There is at least one proposal [5] for distributed sanitization of a data set. It is Byzantine fault-tolerant and therefore _may_ be overkill for our purposes ... but we're talking about malicious node operators here, so maybe it isn't!
4. Specification
TBD
5. Compatibility
should be moot
6. Implementation
TBD
7. Performance and Scalability
minor overhead at each exit (and entry); additional load on Metrics; if reporting is via hidden service, additional load on the network
8. References
[1] "Shining Light in Dark Places: Understanding the Tor Network". McCoy, Bauer, Grunwald, Kohno, Sicker. PETS 2008. http://freehaven.net/anonbib/cache/mccoy-pet2008.pdf
[2] https://www.torproject.org/eff/tor-legal-faq.html.en
[3] "Differential Privacy for Statistics: What we Know and What we Want to Learn". Dwork and Smith. Journal of Privacy and Confidentiality, 2009. http://repository.cmu.edu/jpc/vol1/iss2/2/
[4] "Optimizing [Linear/Histogram] Counting Queries under Differential Privacy". Li, Hay, Rastogi, Miklau, McGregor. Principles of Database Systems, 2010. http://arxiv.org/abs/0912.4742
[5] "Our data, ourselves: Privacy via distributed noise generation". Dwork, Kenthapadi, McSherry, Mironov, Naor. EUROCRYPT 2006. http://www.truststc.org/pubs/101/ourDataOurselves.pdf
Hi,
On 18.03.2013 12:05, Zack Weinberg wrote:
- TCP port
- "Public suffix" + 1 domain component of destination (example.com, example.co.uk)

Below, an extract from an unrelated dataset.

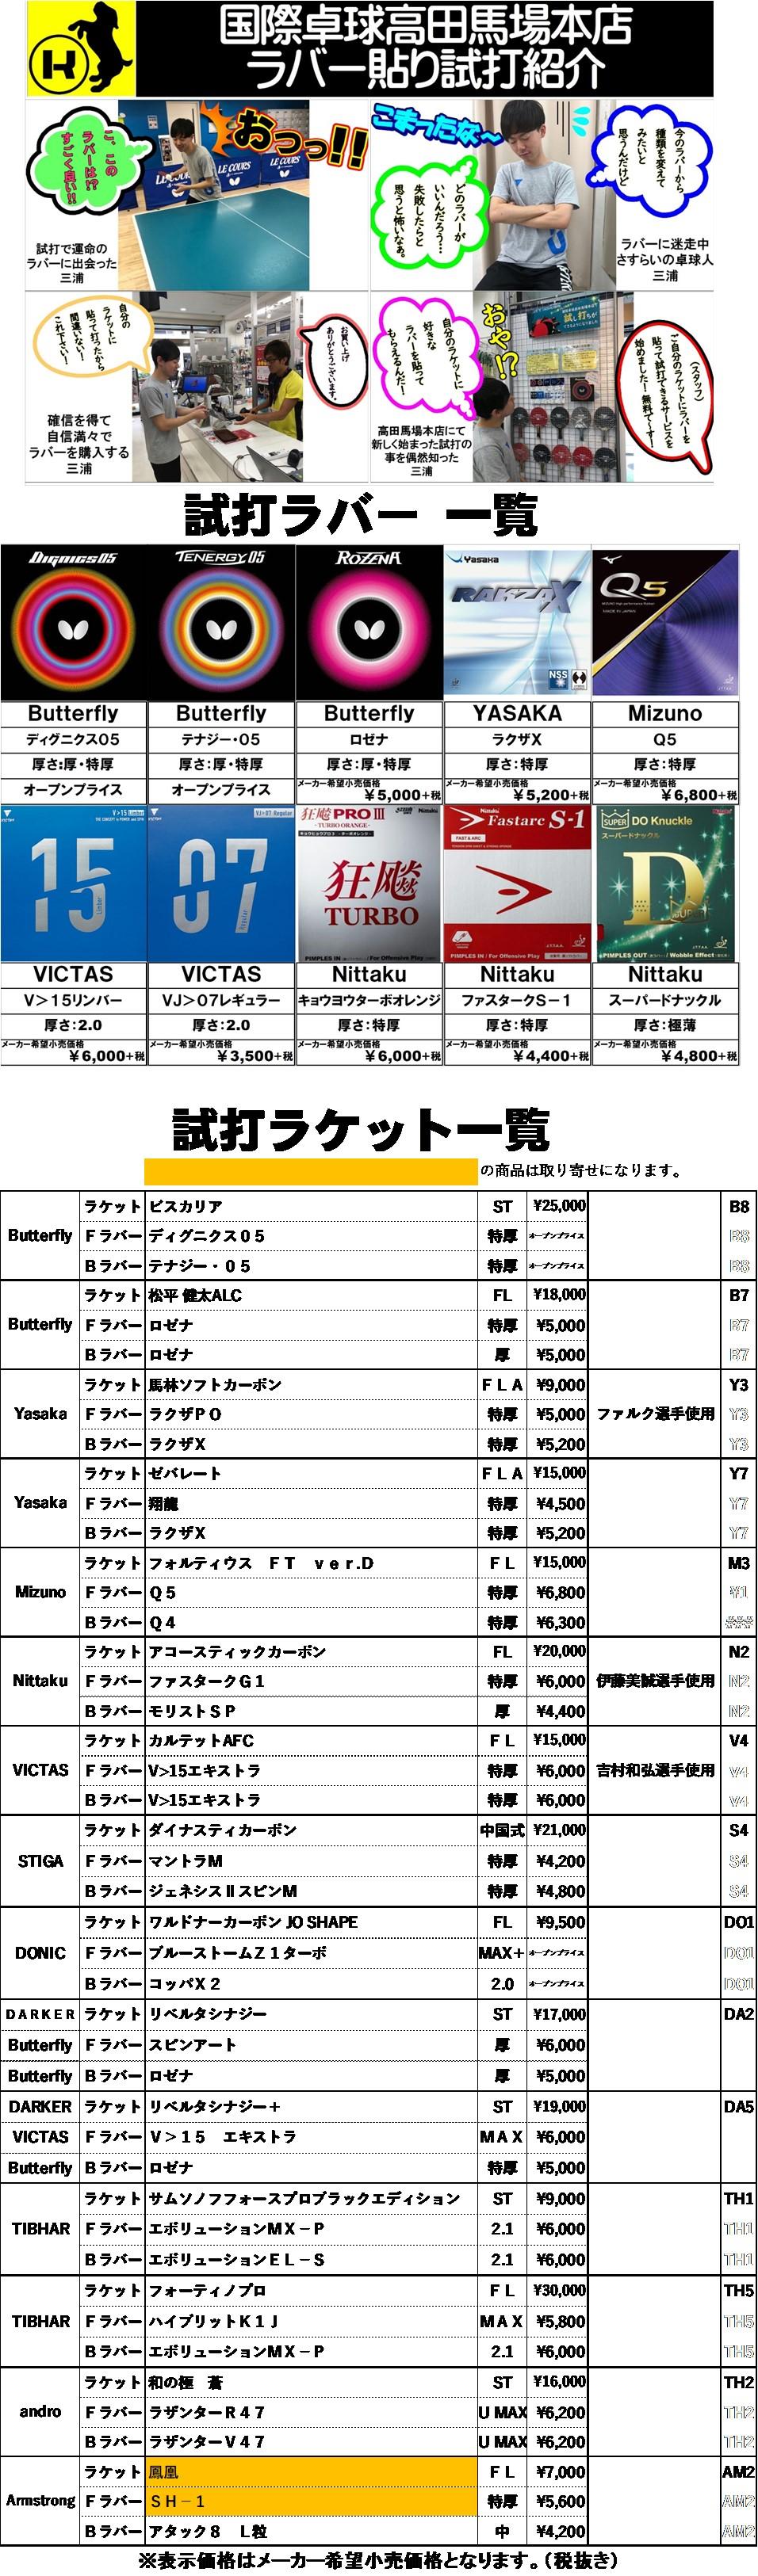 2019高田馬場店|試打会リスト
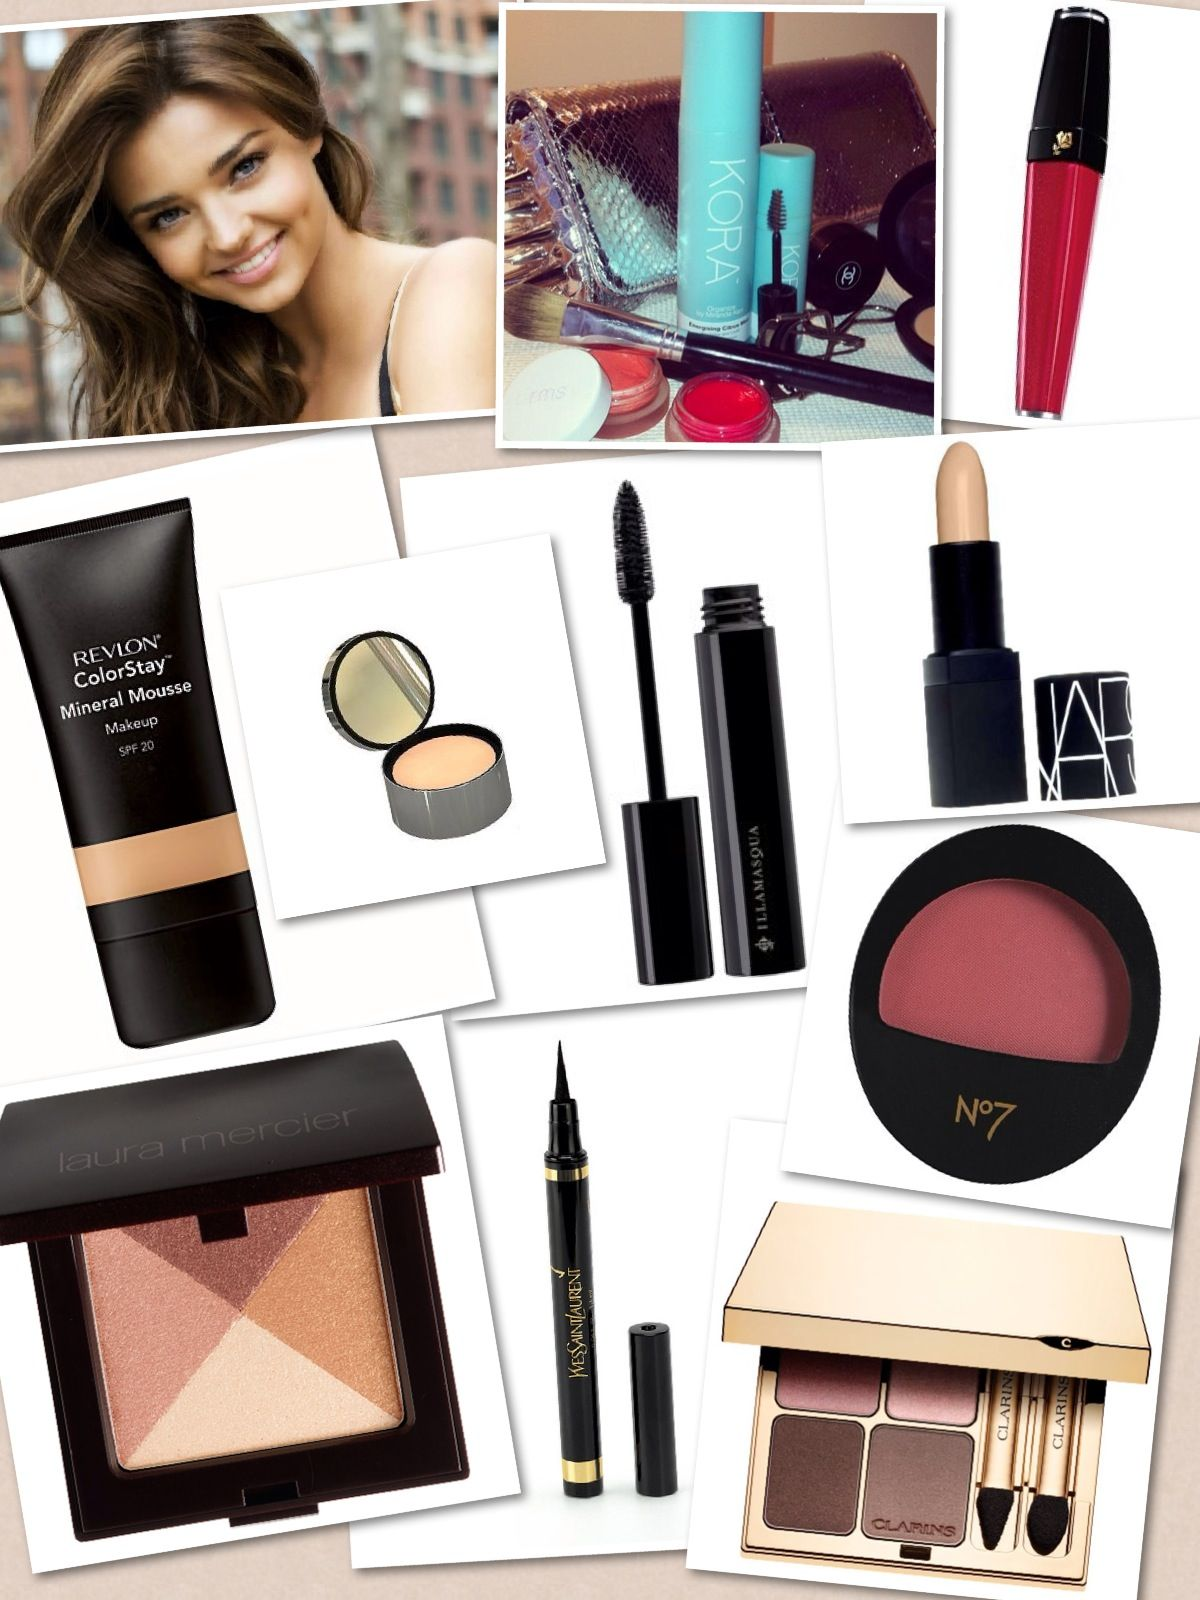 34ed5b7a29224e Inside Miranda Kerr's Makeup Bag - Yves Saint Laurent The Black Collection  Eyeliner Pen, Clarins

I am not sure I like this. Maybe we might want to limit it to popular destinations -- drop sites that only get few hits? And rougher access numbers (50 hits, 100, etc)?
-Moritz
On Monday, March 18, 2013, Moritz Bartl wrote:
On 18.03.2013 12:05, Zack Weinberg wrote:
- TCP port
- "Public suffix" + 1 domain component of destination (example.com, example.co.uk)
I am not sure I like this. Maybe we might want to limit it to popular destinations -- drop sites that only get few hits? And rougher access numbers (50 hits, 100, etc)?
The "differential privacy" sanitization algorithm discussed in the next section is in fact a more systematic and theoretically grounded way of doing just this. Sites that are rarely visited will have their true visit rate overwhelmed by the added noise, which can either add to or subtract from the number. Sites that are frequently visited will simply have their true visit count rendered uncertain.
I shall look into the possibility of adding completely fake visits to the statistics as well.